One could also argue that Trump hasn’t so much undermined U.S. alliances as acted to bring into the open the allies’ dependence on the U.S. and remind them they shouldn’t take U.S. support for granted. This could end up reshaping the relationships as more transparently pragmatic and transactional ones than they are today. Trump’s bet is that the allies, especially Europeans, will opt to rally around the U.S. anyway because they have no other viable options. Trump is taking a risk to assert an unabashed U.S. hegemony, based more on U.S. might and pressure than on persuasion and consensus. 

As Henry Kissinger wrote in his 2014 book, “World Order,”

The essence of such upheavals is that while they are usually underpinned by force, their overriding thrust is psychological. Those under assault are challenged to defend not only their territory but the basic assumptions of their way of life, their moral right to exist and to act in a manner that, until the challenge, had been treated as beyond question.
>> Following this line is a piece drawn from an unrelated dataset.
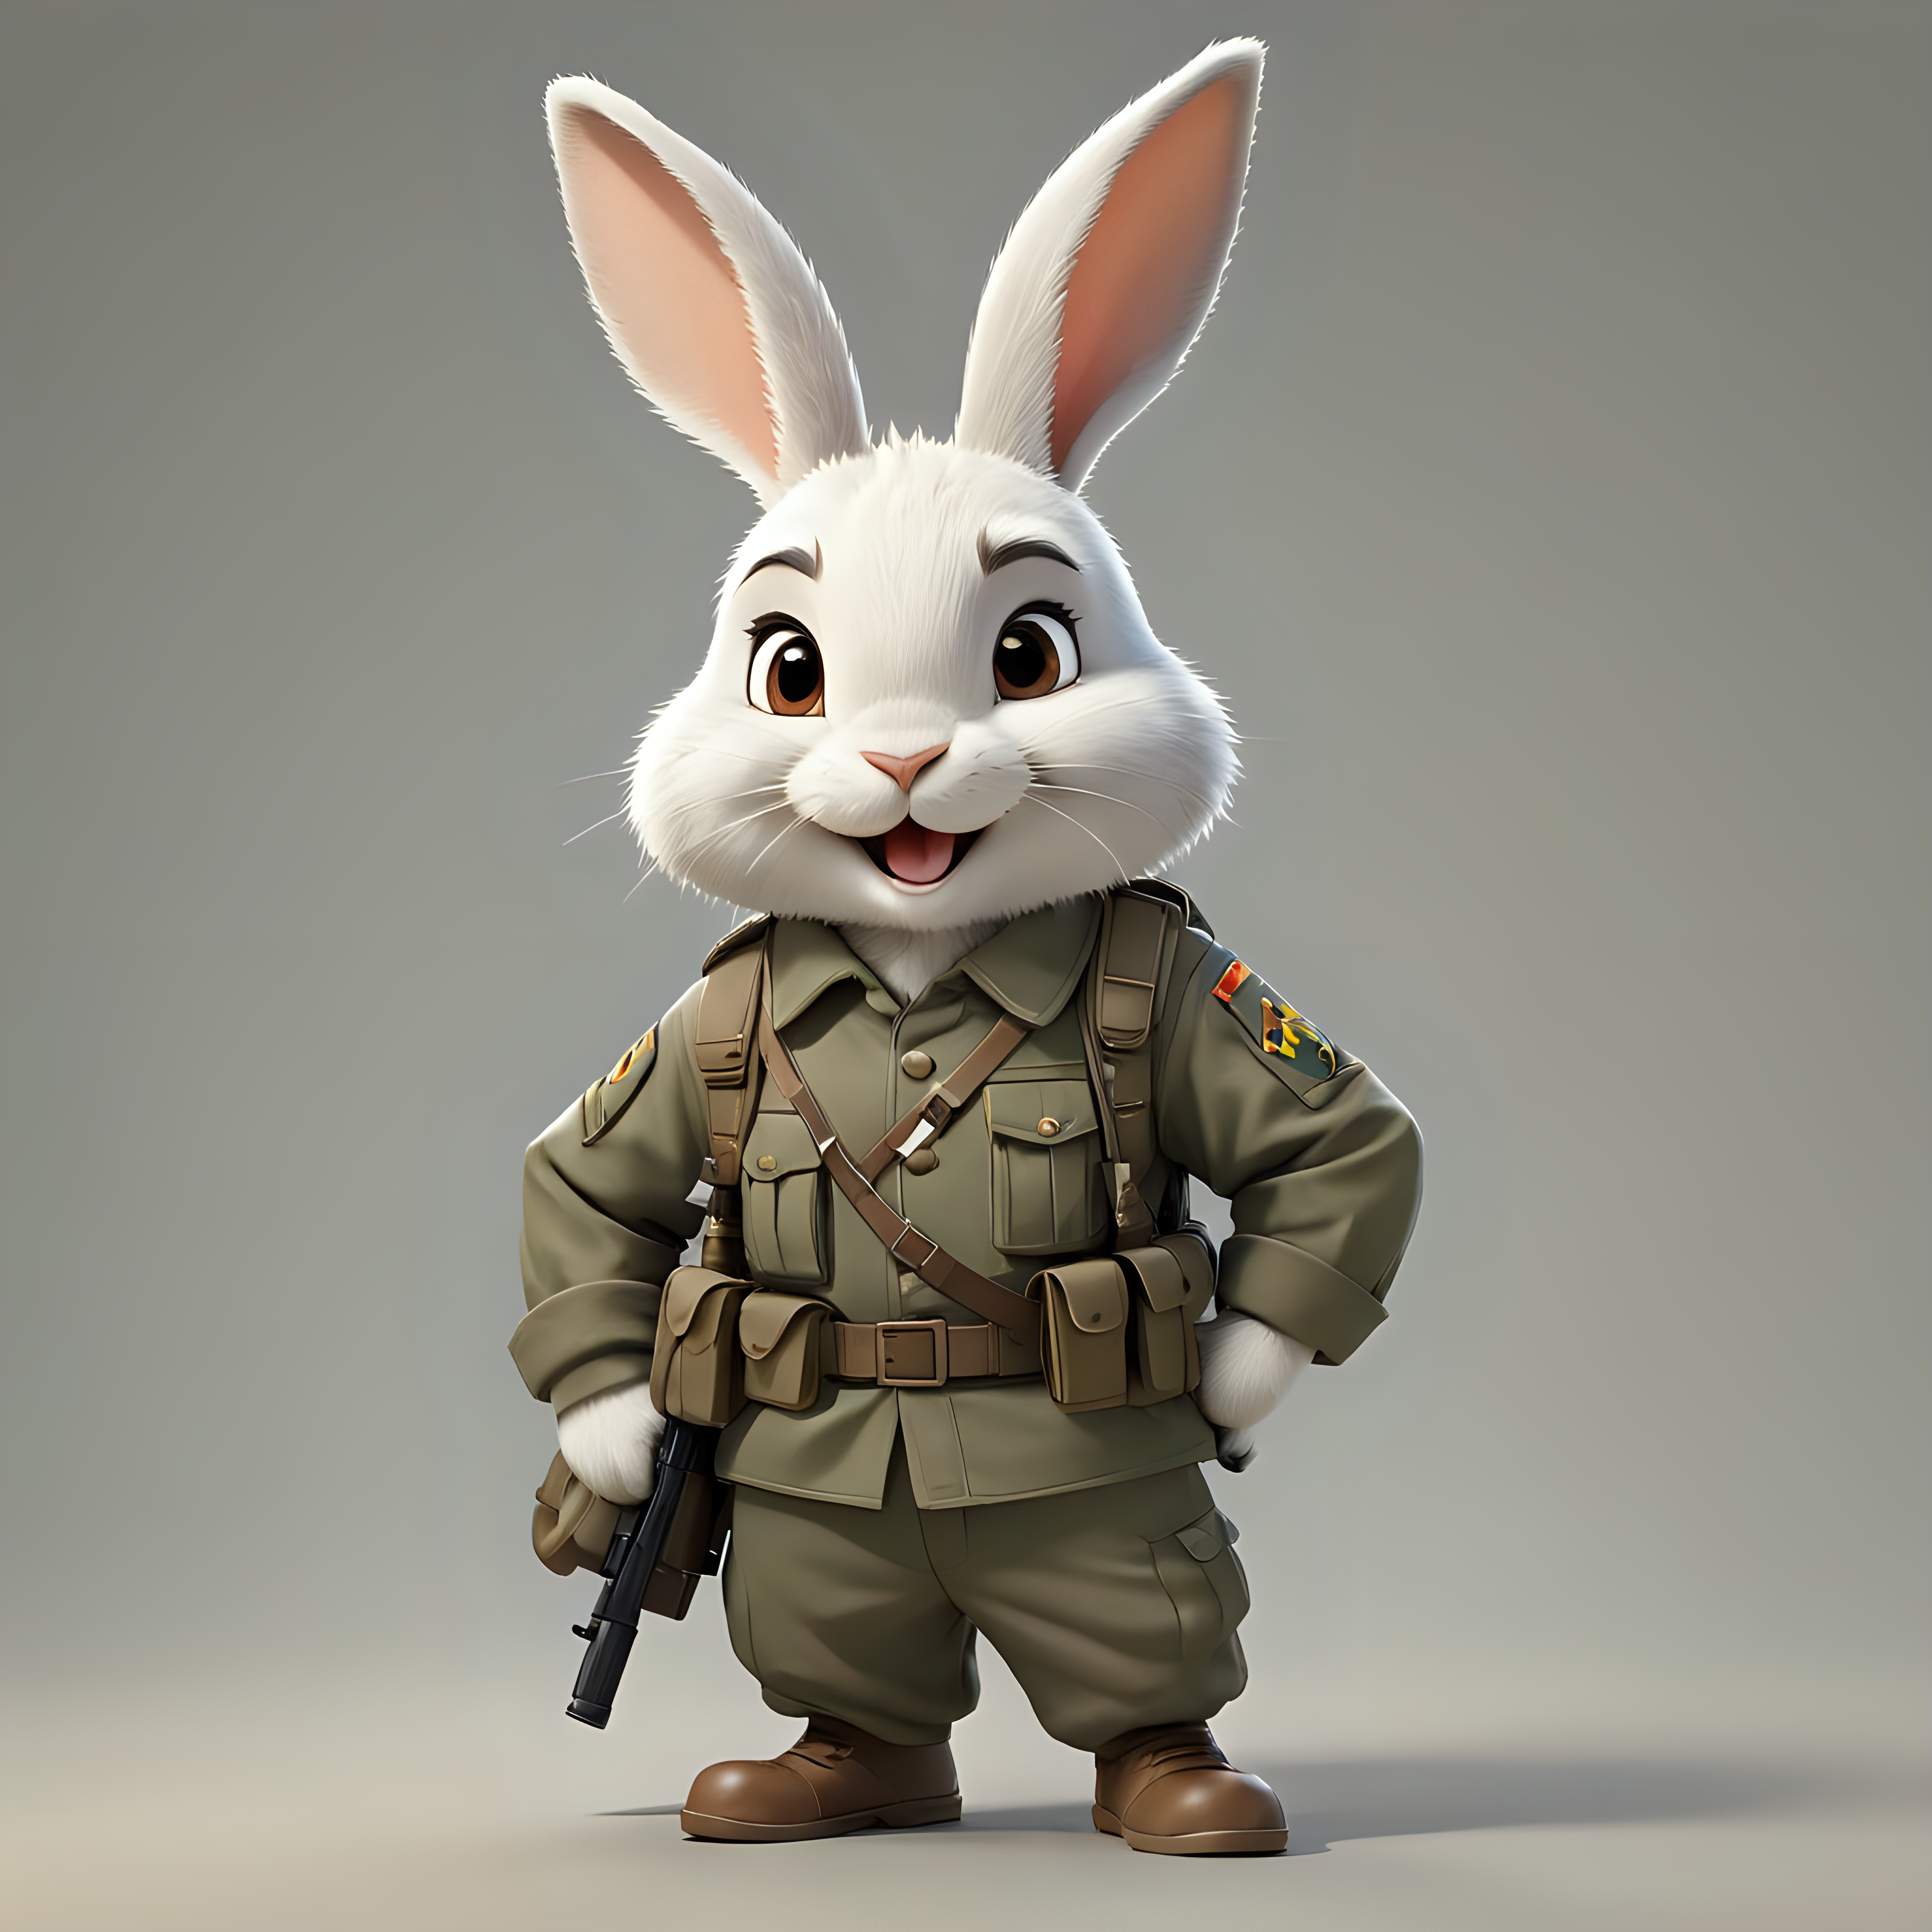 Cheerful Cartoon Rabbit Dressed as a Soldier

The natural inclination, particularly of leaders from pluralistic societies, is to engage with the representatives of the revolution, expecting that what they really want is to negotiate in good faith on the premises of the existing order and arrive at a reasonable solution. 

That’s what U.S. allies have been trying to do with Trump; so far, they’ve refused to believe that the disruption, usually the province of ambitious outsiders, is coming from the very center of the international order on which they’ve come to depend. They appear to believe they can negotiate better outcomes or wait Trump out, but Trump rejects both these scenarios, telling them, in effect, to submit or fight.

And then there are the personal likes and dislikes of Donald Trump the man. He clearly resents what he must see as German Chancellor Angela Merkel’s intellectual condescension, and he treats long-winded, cocky French President Emmanuel Macron as something of a comic figure. His personal stylistic sympathies appear to lie with leaders who exert absolute power: Saudi Crown Prince Mohammed bin Salman, North Korea’s Kim Jong Un, Putin. He’s fascinated by their ability to make instant decisions; he thinks he can do business with them, rather than with Western leaders always looking over their shoulder to their electorates and coming at him with all sorts of slow, fussy scenarios and complex proposals.

There’s not much for Trump’s partners to like about his approach to triangulation. He’s unpleasant to deal with, not interested in consensus, often impossible to pin down. But, unlike previous U.S. leaders, he provides some clear answers to questions Kissinger asked of the U.S. in his book: What does the U.S. want to prevent or to achieve – alone if necessary or only as part of an alliance? What will the U.S. do or not do when pushed by its allies?

Trump’s answers are simple. The U.S. will seek an economic advantage no matter who’s at the other side of the table, it will stretch the rules as much as it can to get it, and no kind of pressure will divert it from its pursuit of the advantage. These answers, in turn, lead to a question the G-6 leaders and all U.S. allies need to answer: Do they want to be led on these terms or do they have the guts to present an alternative? Leaving this question unanswered is an option, but only if one believes the U.S. will not re-elect Trump or ever elect another Trump.